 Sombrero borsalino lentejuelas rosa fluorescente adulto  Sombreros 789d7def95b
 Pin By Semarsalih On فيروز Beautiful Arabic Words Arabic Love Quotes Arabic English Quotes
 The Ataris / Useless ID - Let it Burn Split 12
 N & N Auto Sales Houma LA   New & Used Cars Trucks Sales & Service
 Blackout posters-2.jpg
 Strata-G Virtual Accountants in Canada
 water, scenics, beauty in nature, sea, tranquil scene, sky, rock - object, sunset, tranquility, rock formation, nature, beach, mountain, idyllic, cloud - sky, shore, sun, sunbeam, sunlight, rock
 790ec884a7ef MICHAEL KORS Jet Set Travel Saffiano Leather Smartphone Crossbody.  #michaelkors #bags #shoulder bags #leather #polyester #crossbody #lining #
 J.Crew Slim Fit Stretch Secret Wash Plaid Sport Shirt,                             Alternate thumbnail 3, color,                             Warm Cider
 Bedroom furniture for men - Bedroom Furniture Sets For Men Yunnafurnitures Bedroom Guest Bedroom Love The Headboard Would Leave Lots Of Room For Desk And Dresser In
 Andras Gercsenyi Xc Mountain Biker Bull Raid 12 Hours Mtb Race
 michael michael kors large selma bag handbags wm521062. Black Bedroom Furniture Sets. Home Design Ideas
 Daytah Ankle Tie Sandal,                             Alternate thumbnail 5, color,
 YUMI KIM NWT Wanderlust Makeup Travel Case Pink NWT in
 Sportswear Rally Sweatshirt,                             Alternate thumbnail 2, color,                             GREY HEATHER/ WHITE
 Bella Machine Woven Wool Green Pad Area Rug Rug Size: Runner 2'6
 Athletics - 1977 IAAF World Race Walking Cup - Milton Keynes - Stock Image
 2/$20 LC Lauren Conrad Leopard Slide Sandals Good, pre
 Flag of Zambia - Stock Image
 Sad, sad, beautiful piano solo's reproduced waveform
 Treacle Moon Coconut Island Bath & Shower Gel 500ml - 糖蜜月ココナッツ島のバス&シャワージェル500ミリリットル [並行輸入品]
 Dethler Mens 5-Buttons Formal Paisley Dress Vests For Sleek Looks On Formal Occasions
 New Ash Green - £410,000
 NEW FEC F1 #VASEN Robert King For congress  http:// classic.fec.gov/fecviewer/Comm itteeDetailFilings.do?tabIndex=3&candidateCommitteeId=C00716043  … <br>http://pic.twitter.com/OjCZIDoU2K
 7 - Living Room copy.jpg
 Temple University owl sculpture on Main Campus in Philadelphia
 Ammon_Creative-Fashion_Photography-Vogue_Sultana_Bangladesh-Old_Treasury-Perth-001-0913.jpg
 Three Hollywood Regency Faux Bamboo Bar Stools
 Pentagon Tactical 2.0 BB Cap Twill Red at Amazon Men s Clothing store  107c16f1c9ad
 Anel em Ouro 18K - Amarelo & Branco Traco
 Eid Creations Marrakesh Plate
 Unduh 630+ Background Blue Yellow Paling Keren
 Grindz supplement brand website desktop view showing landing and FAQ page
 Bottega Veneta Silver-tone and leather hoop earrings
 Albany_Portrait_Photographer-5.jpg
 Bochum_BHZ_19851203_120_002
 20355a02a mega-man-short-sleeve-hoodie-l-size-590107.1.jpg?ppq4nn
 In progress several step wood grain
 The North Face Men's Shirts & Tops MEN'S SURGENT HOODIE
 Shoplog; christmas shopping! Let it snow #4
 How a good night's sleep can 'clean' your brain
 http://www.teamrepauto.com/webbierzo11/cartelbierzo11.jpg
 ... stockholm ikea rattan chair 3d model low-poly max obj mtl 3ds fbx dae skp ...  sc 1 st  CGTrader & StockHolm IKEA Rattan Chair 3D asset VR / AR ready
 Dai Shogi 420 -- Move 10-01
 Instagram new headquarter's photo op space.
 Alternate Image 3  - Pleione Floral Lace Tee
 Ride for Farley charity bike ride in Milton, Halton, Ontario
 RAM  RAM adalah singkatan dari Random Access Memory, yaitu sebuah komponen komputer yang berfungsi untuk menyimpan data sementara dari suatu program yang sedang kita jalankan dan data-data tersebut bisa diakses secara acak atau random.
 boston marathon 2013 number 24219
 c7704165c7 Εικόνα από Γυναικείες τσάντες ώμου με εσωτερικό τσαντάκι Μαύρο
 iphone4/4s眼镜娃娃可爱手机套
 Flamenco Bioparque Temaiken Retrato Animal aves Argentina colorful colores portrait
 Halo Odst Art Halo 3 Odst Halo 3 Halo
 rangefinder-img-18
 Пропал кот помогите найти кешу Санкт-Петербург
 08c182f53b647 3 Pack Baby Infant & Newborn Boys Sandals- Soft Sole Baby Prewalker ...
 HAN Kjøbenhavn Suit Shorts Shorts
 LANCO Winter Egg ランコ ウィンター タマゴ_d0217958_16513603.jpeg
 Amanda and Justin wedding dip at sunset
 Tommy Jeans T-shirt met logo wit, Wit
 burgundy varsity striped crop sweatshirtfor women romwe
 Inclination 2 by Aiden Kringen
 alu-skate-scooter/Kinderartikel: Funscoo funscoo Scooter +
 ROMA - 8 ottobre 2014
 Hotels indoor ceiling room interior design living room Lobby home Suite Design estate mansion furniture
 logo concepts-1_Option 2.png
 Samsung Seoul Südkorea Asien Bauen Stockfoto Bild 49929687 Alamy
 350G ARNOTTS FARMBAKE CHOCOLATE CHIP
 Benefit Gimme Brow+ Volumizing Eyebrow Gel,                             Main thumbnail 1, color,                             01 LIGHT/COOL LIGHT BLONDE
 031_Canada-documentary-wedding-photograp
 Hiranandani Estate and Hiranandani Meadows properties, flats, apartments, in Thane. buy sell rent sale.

## Exercise requirements
From the records above, retype only the lines starting at the line that contains "N & N Auto Sales" and ending at the line that contains "J.Crew Slim Fit", both included.

## The answer
 N & N Auto Sales Houma LA   New & Used Cars Trucks Sales & Service
 Blackout posters-2.jpg
 Strata-G Virtual Accountants in Canada
 water, scenics, beauty in nature, sea, tranquil scene, sky, rock - object, sunset, tranquility, rock formation, nature, beach, mountain, idyllic, cloud - sky, shore, sun, sunbeam, sunlight, rock
 790ec884a7ef MICHAEL KORS Jet Set Travel Saffiano Leather Smartphone Crossbody.  #michaelkors #bags #shoulder bags #leather #polyester #crossbody #lining #
 J.Crew Slim Fit Stretch Secret Wash Plaid Sport Shirt,                             Alternate thumbnail 3, color,                             Warm Cider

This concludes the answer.